Perché io ho svolto la mia vita all’incontrario, ovvero a testa in giù, come recita il titolo di questo post.

Come prima cosa ho trovato lavoro a tempo indeterminato (punto 2. diciamo che ho sempre avuto una certa voglia di indipendenza, ecco) poi ho fatto un figlio, punto 5. Ho iniziato a vivere col mio compagno che ho sposato poco dopo, punto 4; l’affitto era caro, i nostri parenti ci hanno dato una mano, i mutui avevano tassi favorevoli e così poco dopo abbiamo comprato casa, punto 3. Metti che poi ho fatto un altro figlio, diciamo punto 5 bis.

Fin qui, nonostante l’inversione, non è una storia tanto diversa dalla maggior parte delle altre; se non si sottolinea il dettaglio che quando sono rimasta incinta uscivo da 3 mesi con l’uomo che poi ho sposato, è tutto più o meno nella norma.

Ho sorvolato sul titolo di studio. Punto 1. Perché dopo 6/7 anni di matrimonio ho pensato bene di iscrivermi all’Università e fare una laurea triennale. E poi la specialistica. Ciò che per molti è stato un punto di partenza, per me è stato un qualcosa di sudato da adulta, fatto per me stessa (questa è la versione zen e politically-correct) ma soprattutto, sì lo posso dire, per fare carriera (mi sono laureata in economia, mica in filosofia zen).

Mentre studiavo non ho mai smesso di lavorare a tempo pieno; è stato faticoso, ho conseguito voti decorosi senza lode e senza infamia, il mio sistema nervoso ha subito un duro colpo e nella mia vita c’è un buco di 5 anni, nel senso che non ho visto cinema, ristoranti, amiche, vacanze, e ne sono uscita quasi normale (e sottolineo il quasi).
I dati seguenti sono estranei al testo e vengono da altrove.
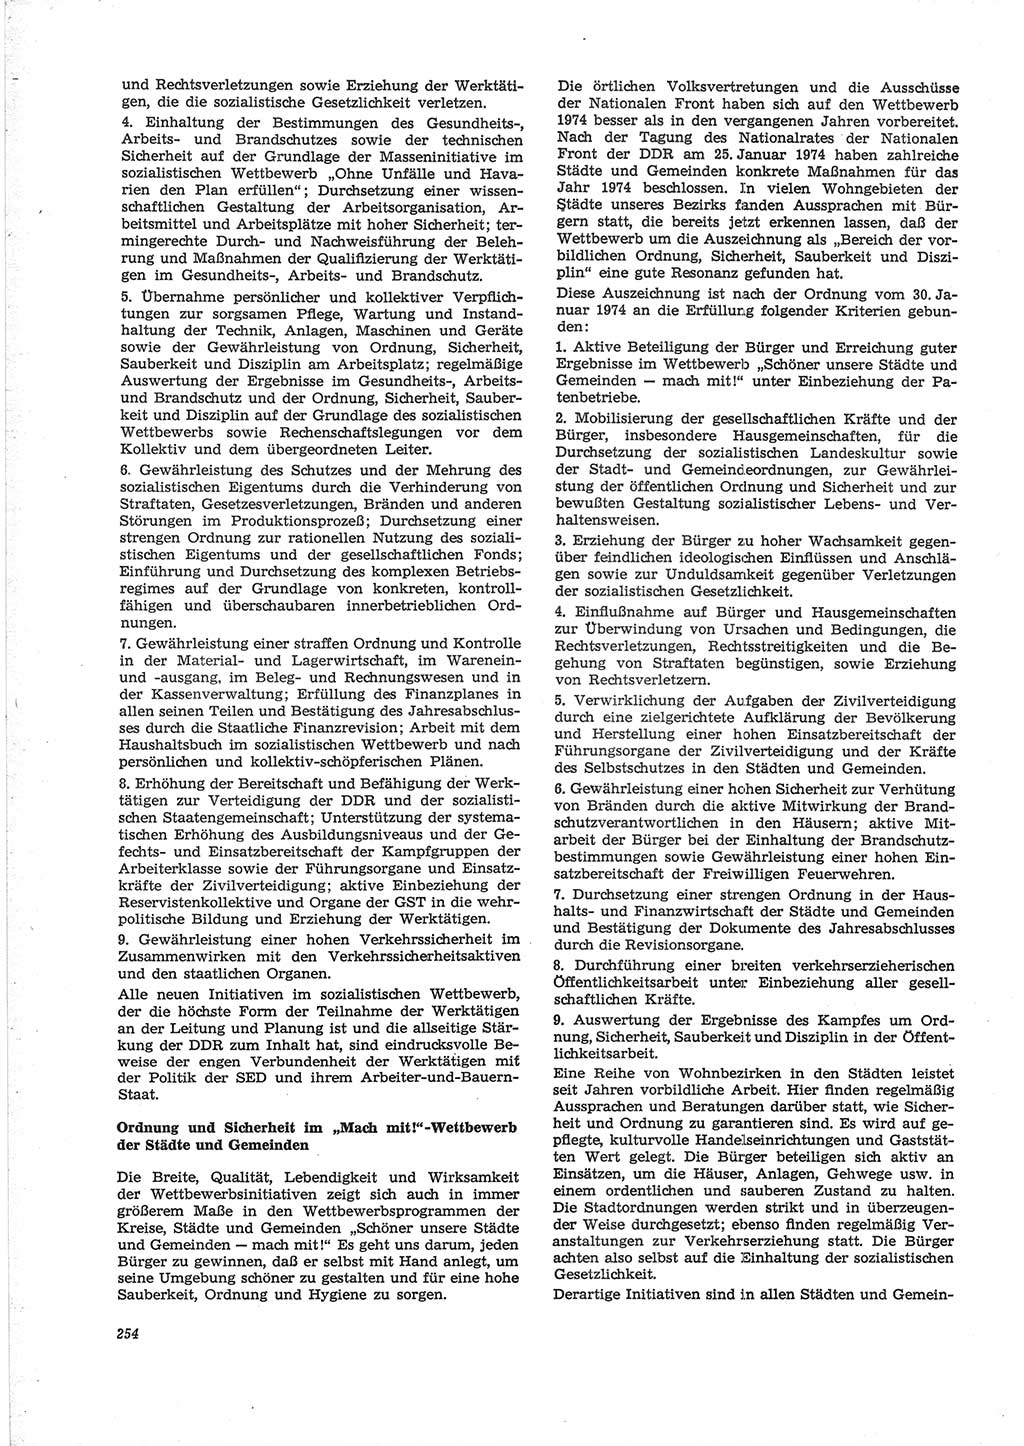 Neue Justiz (NJ), Zeitschrift für Recht und Rechtswissenschaft [Deutsche Demokratische Republik (DDR)], 28. Jahrgang 1974, Seite 254 (NJ DDR 1974, S. 254)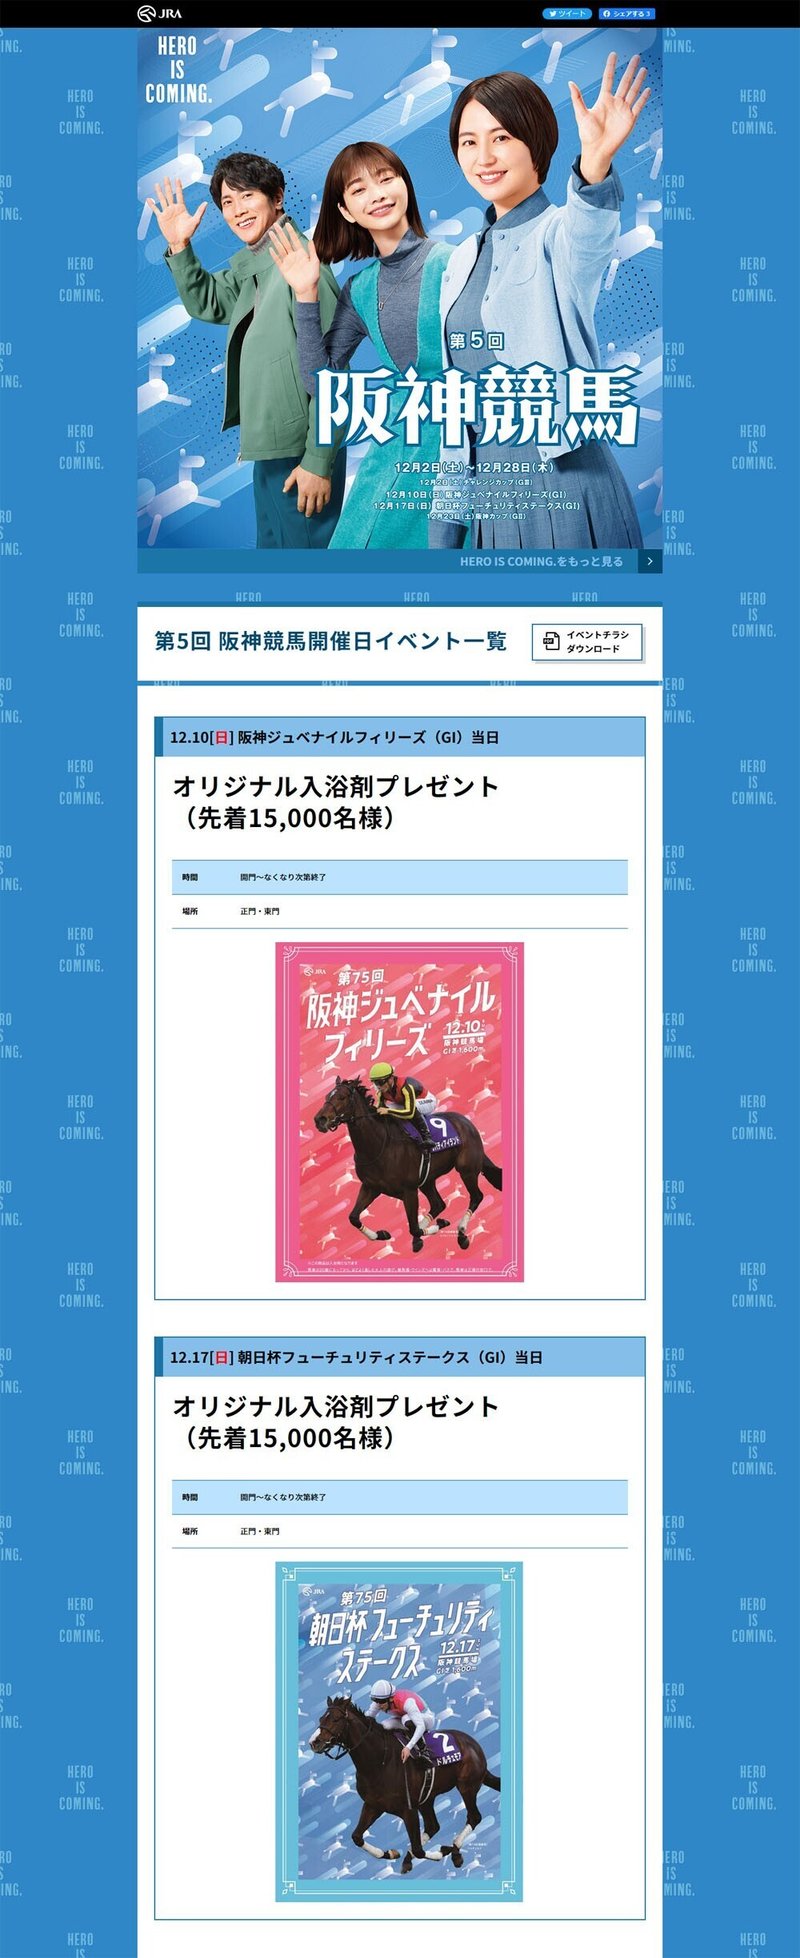 JRA公式ホームページ「第5回阪神開催イベント告知」のページにある阪神ジュベナイルフィリーズのポスター風の画像。

Di recente ho rivisto vecchie foto e mi sono ricordata che, quando avevo 17 anni, mi portavo in spiaggia Dostoevskij, ebbene sì ero una rompiballe. Nei miei trenta invece tra un esame e il successivo leggevo Twilight, Hunger Games e altre amenità destinate a un pubblico decisamente molto più giovane di me. Pure questo dovrebbe essere un indizio su come ho vissuto la mia vita.

Ma perché ho fatto questa lunga disquisizione sulla mia vita a testa in giù? che poi non è una considerazione che ho partorito oggi, bensì una riflessione nata ai tempi dell’Università.

Perché sono alcune settimane che sto valutando l’acquisto di uno scooter 50, una roba per girare in città come se girassi in bicicletta ma senza arrivare a destinazione sudata marcia;una roba che nella mia adolescenza ho provato ripetutamente a chiedere ricevendo un corale NO dai miei genitori.

Ho continuato con la regressione della mia vita e ho mentalmente – di nuovo – 14 anni.

Vorrei fare notare che non potrei nemmeno lavorare legalmente!

Se continuo di questo passo tra qualche anno mi iscrivo a un corso di danza classica per bambine delle elementari.

Lo ammetto, ho sempre desiderato indossare il tutù.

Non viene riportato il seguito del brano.